Joye Pate woke up Monday with a stomachache. She thought nothing of it. New York City food? Probably just a bad bite. Loose stools confirmed it was something. Then came the frequency. Hourly trips. Tuesday passed in the bathroom. By Wednesday she was frantic, Googling symptoms while eating only broth. Thursday brought a name: cyclospora.
She tested negative. But the symptoms lasted a week. She posted about it anyway. Her TikTok flooded with comments from strangers convinced they had it too. Back in June, no one knew. Now, the parasite is everywhere on social media.

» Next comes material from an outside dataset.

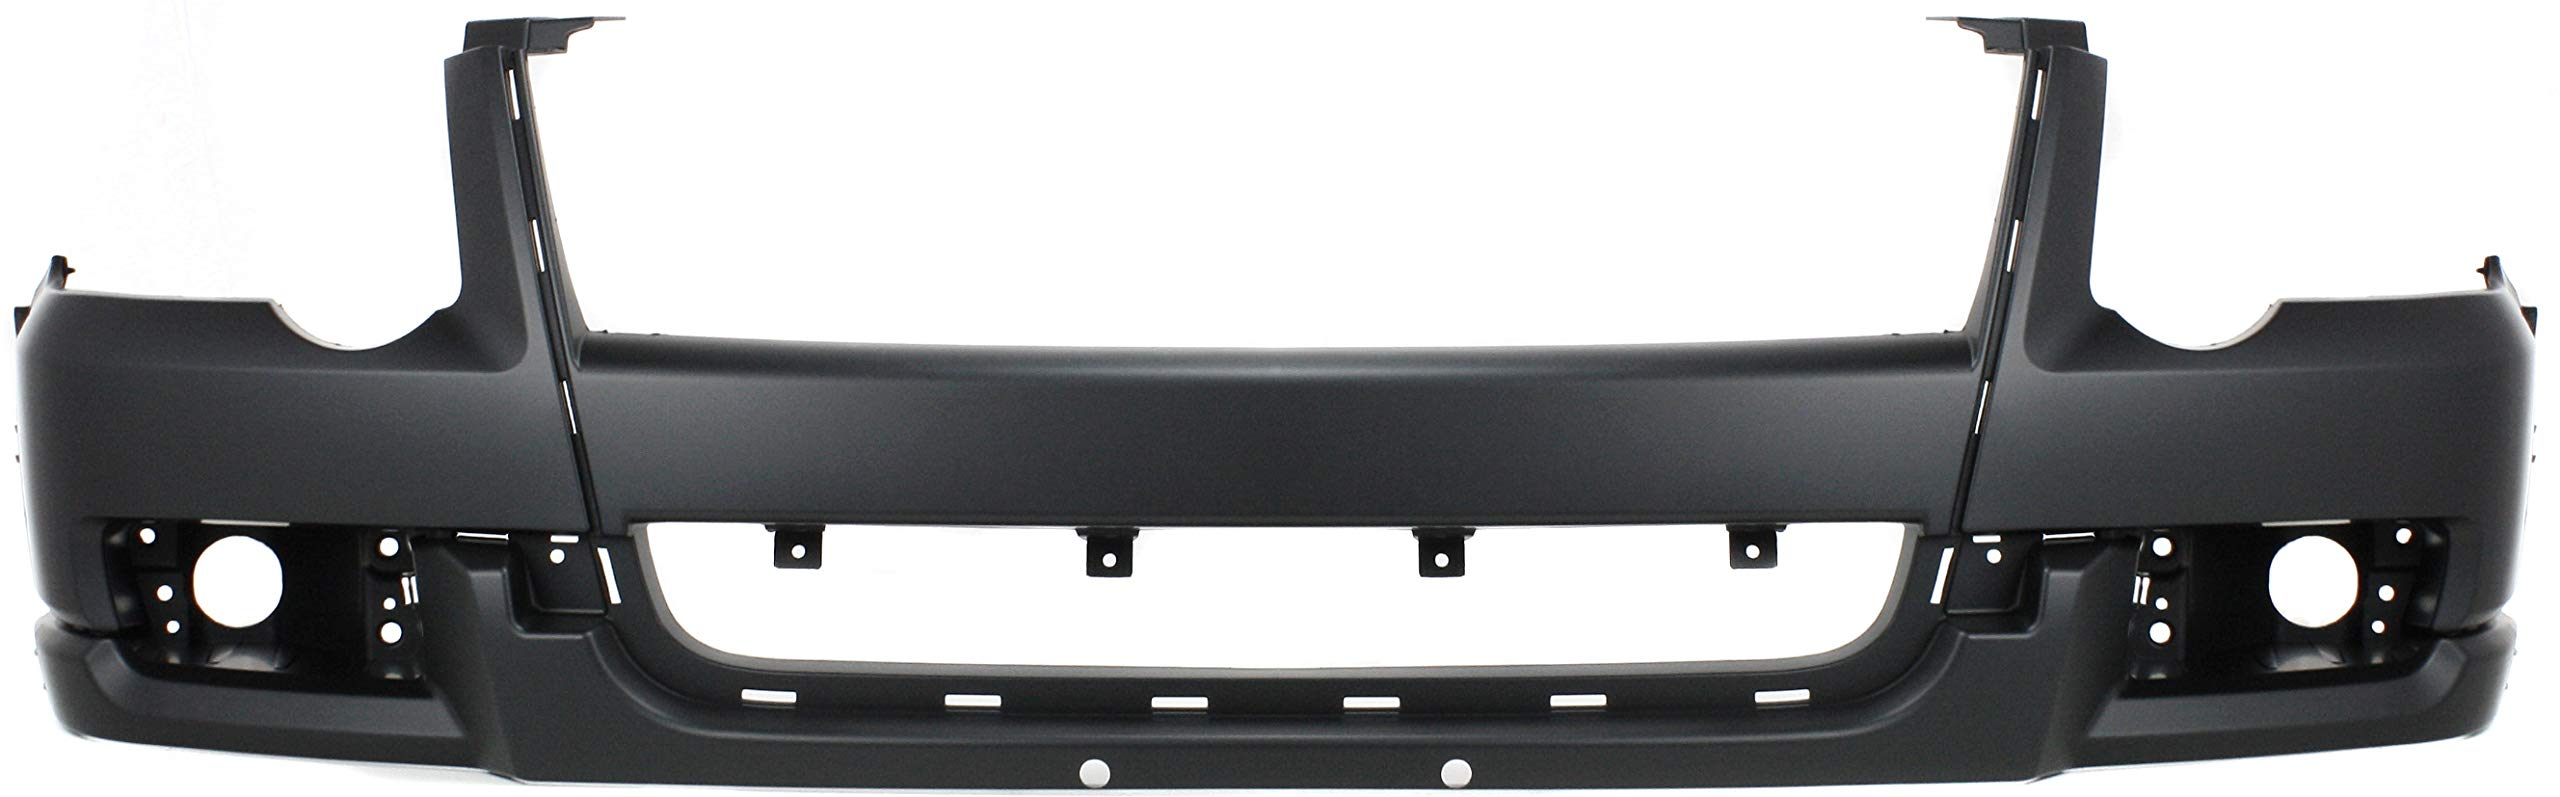 CarPartsDepot 345-18114-10 Front Lower Valance Bumper Apron Spoiler Lip FO1093106

“I feel like I have 99% of the symptoms.”
Meagan Rose, an influencer, posted her anxiety to over 40,000 viewers. Stress mounts when you don’t know what you know. Meanwhile, food creators are panicking. Raw veggies are out. Cooked potatoes are in. Arash Hashemi joked about steak to avoid diarrhea. The NYT Cooking account suggested stir-frying lettuce. Absurd? Maybe. But anxiety makes you do things.

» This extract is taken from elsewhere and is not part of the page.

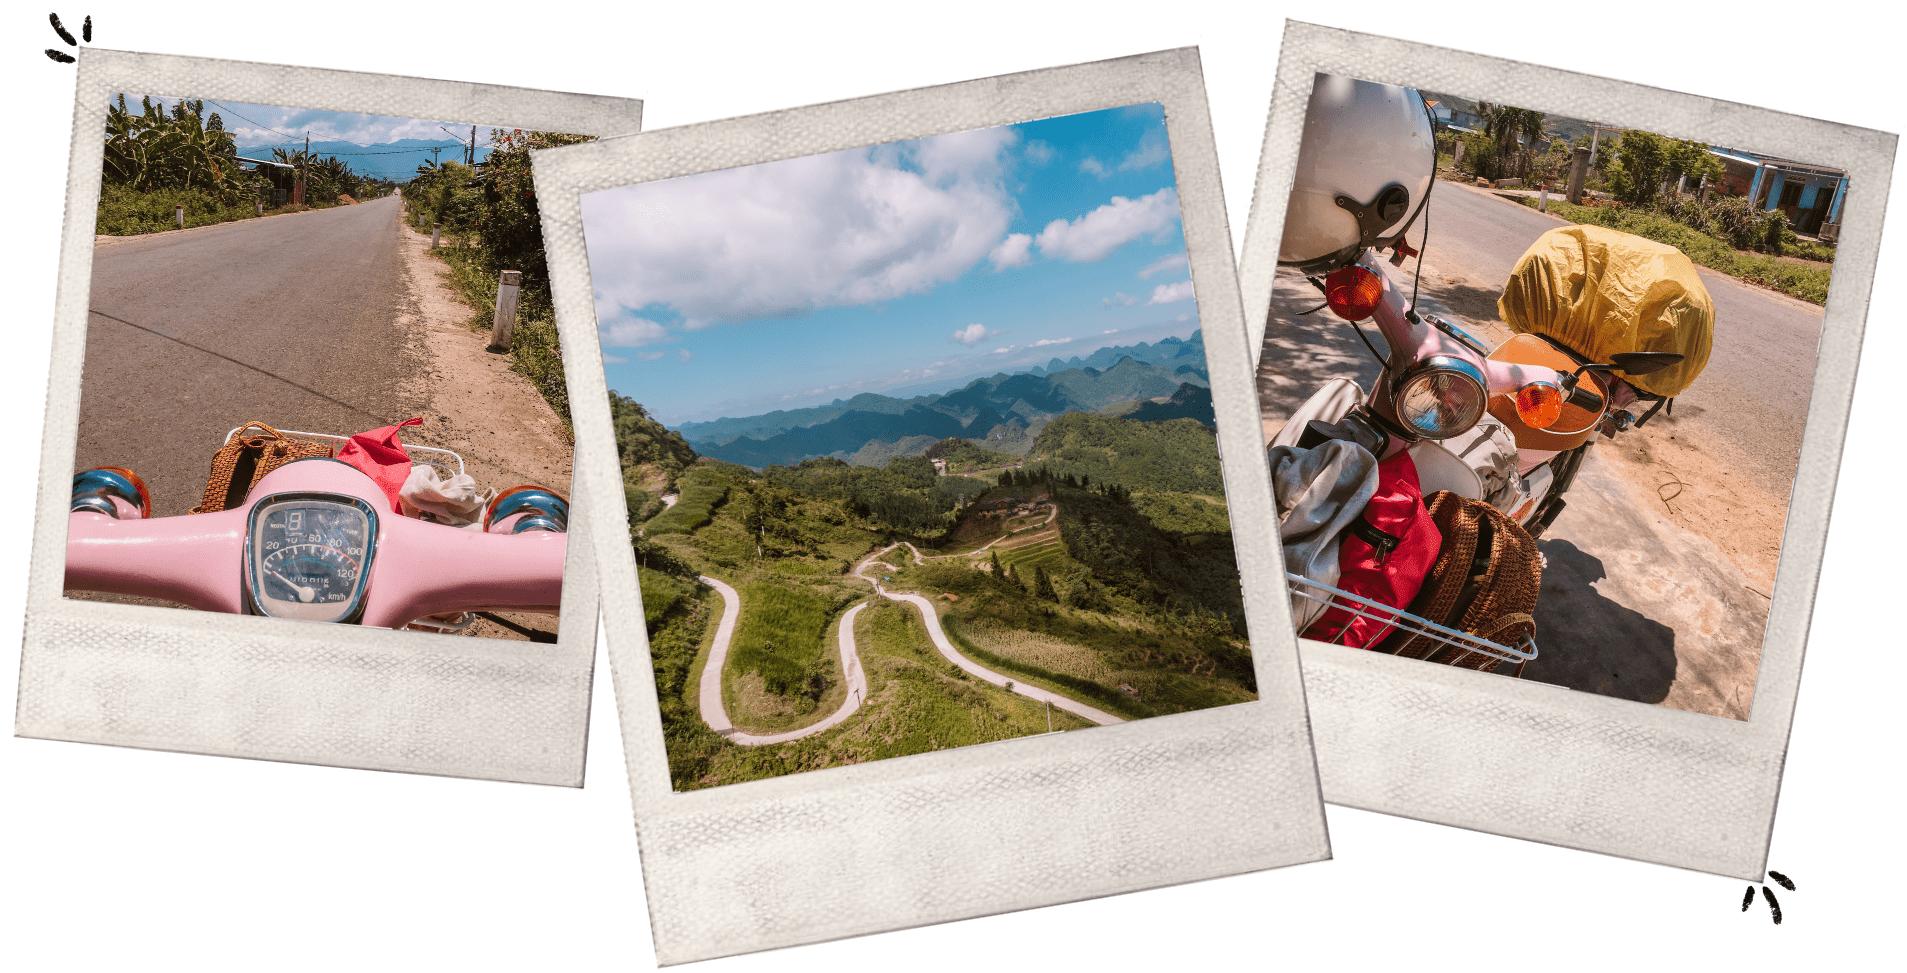 tips for motorbiking in Vietnam

Michigan officials suspect salad greens. No supplier named. No specific grower identified. Just lettuce. Maybe herbs. Perhaps raspberries, given past outbreaks. The CDC reports nearly 7,000 cases nationally. Experts guess the number is much higher. Michigan alone has 4,300 confirmed cases. Social media amplifies this. Every feed feels infected.
Diagnosis is the bottleneck. Routine stool tests skip cyclospora. Doctors look for E. coli. They check for salmonella. Cyclospora gets missed unless you ask for it specifically. Most people don’t go to a doctor for diarrhea unless it’s severe. Or bloody.
Lauren from New Jersey went to the ER. Her stool was liquid and bloody. Her blood pressure dropped. She got IV fluids. She waited on results that never came because they didn’t test for cyclospora. She had eaten bibb salad two days prior. Symptoms can appear in two days or two weeks. She thinks it was the salad. No one else ate it. Coincidence? Or just a very sick Tuesday?
Colin Carlson, an epidemiologist, survived his own ordeal. He posted on Bluesky while still waiting for results. He challenged Robert F. Kennedy Jr to a cage match. Half-joking? Hard to say with HHS staffing cuts. A quarter of CDC staff is gone. Testing capacity shrinks. Paranoia grows.
Washing veggies helps. Vinegar doesn’t. Commercial disinfectants fail. Thorough scrubbing is key. Even then, infection is possible. Bactrim works. Septra works. But only if you have the right parasite. Joel Barratt at Emory warns against self-diagnosis.
“If you get the wrong treatment,” Barratt says. You stay sick.
Don’t guess. Call the doctor. Ask for the specific test. Or just drink water. Wait it out. Or maybe don’t.